# Anyone with experience in getting a working visa in malaysia?



## wacky_german (Sep 14, 2011)

Hi all, 

I am thinking to work and live in Kuala Lumpur, Malaysia. The internet says, you need a job offer in order to apply for a work visa. However if I am applying on several company websites, i am working in the hotel industry by the way, it says I would do need a visa first. Please need your help!!!


----------



## thewitt (Jun 15, 2011)

The only way I know to get a work visa without a job is through an agency. This will cost you about $8,000RM and is good for two years. 

-t


----------



## wacky_german (Sep 14, 2011)

Hey thanks, do you know an agency in particular? They are so many, the risk of being ripped off is to high. Got experience with that.


----------



## thewitt (Jun 15, 2011)

I can get the contact info for one a friend recently used if you are interested. 

-t


----------



## Charliecafe (Sep 1, 2011)

wacky_german said:


> Hi all,
> 
> I am thinking to work and live in Kuala Lumpur, Malaysia. The internet says, you need a job offer in order to apply for a work visa. However if I am applying on several company websites, i am working in the hotel industry by the way, it says I would do need a visa first. Please need your help!!!

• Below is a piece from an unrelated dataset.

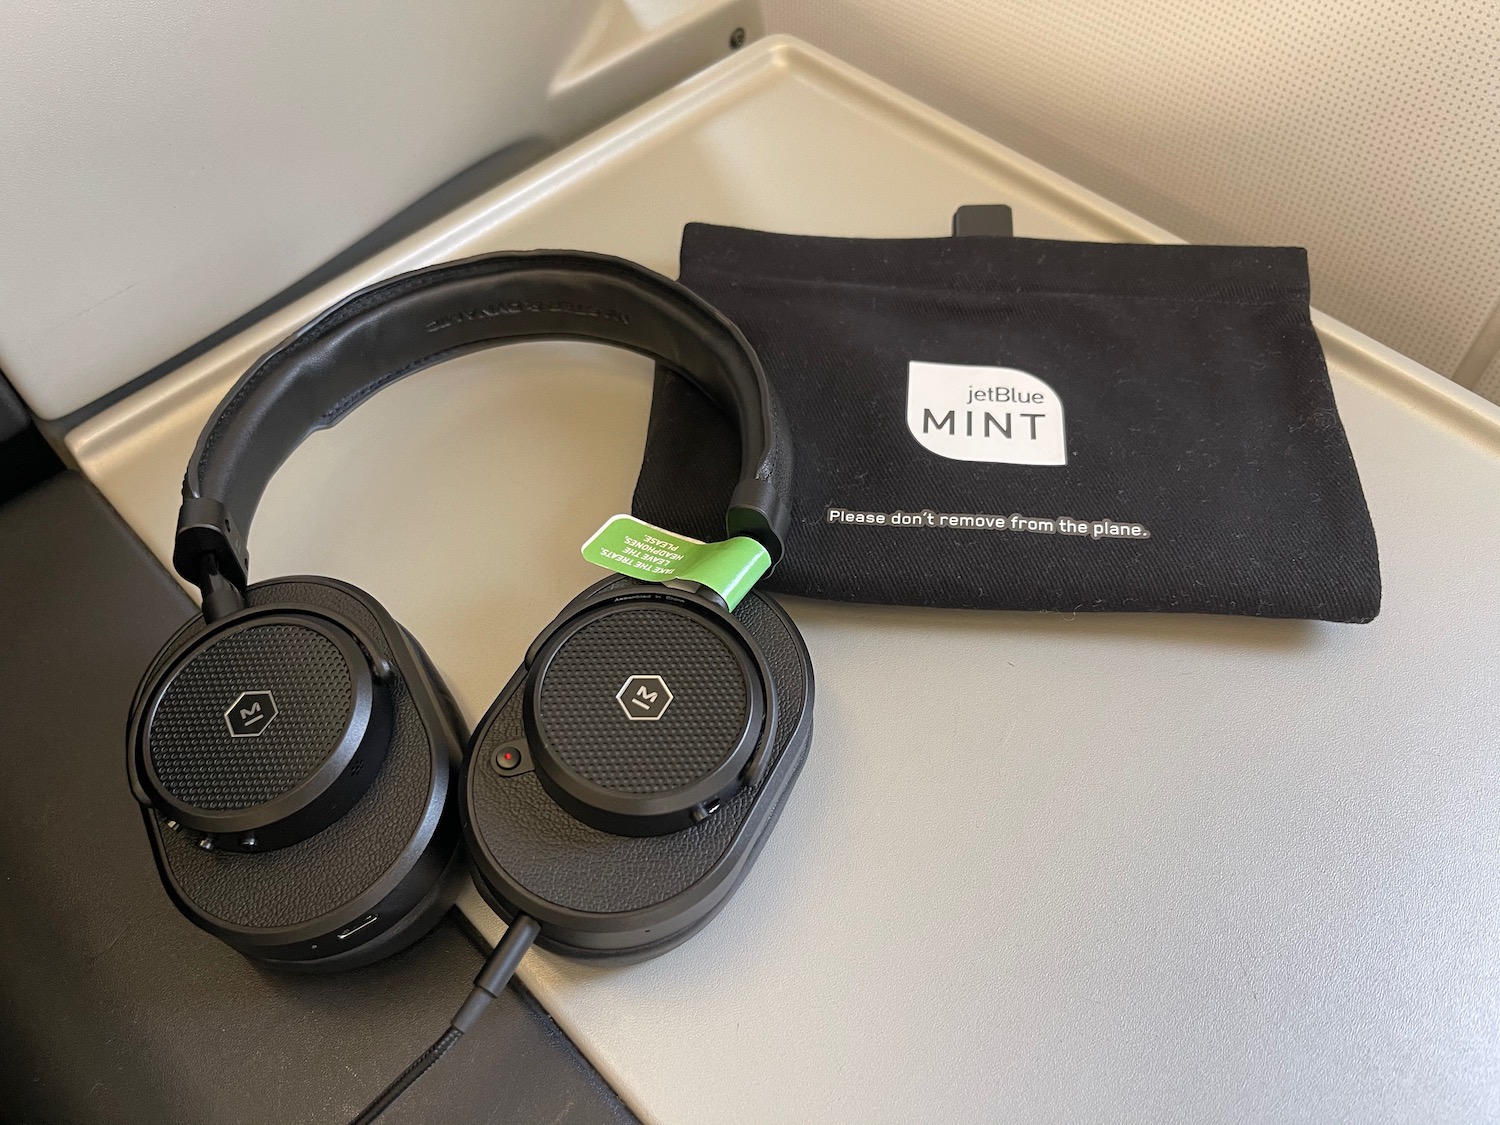 a pair of headphones next to a bag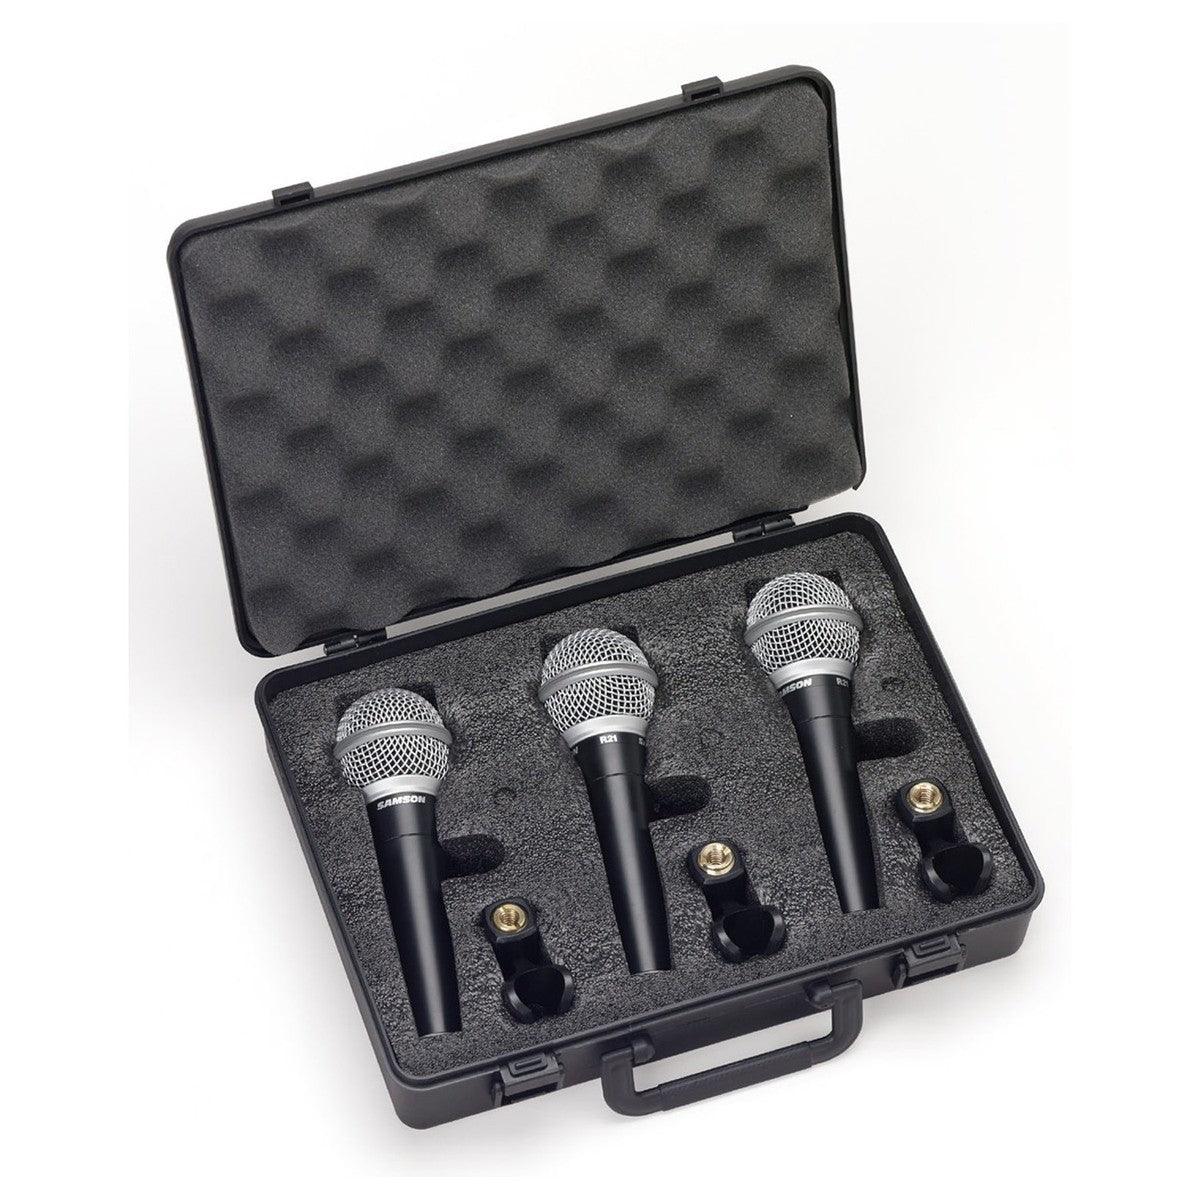 Samson R21 Cardiod Dynamic Microphone 3 Pack - DY Pro Audio

:ranger: Refer to internet you can't get more details. Normally, they no reply your application and the chance for that will 'less and lesser'. They will firstly thinking for local personnel or expart who already stay in Malaysia. If you come from far just for interview that my advice's waste your time and money.

A company have must have RM500k authorised capital and RM350k paid up capital only can apply the Visa for you. Without this your visa must have 'problem'. Please take note: Agency company is process you 'a work' or just provided a services to get visa? ...:confused2:


----------



## 4lenAngel (Oct 6, 2011)

The RM8k is a professional visa.. yes it cost more or less ard RM8k .. but if u alrdy has a job offer.. u can ask the hotel to do a calling visa for u 1st.. btw which country are u from ?


----------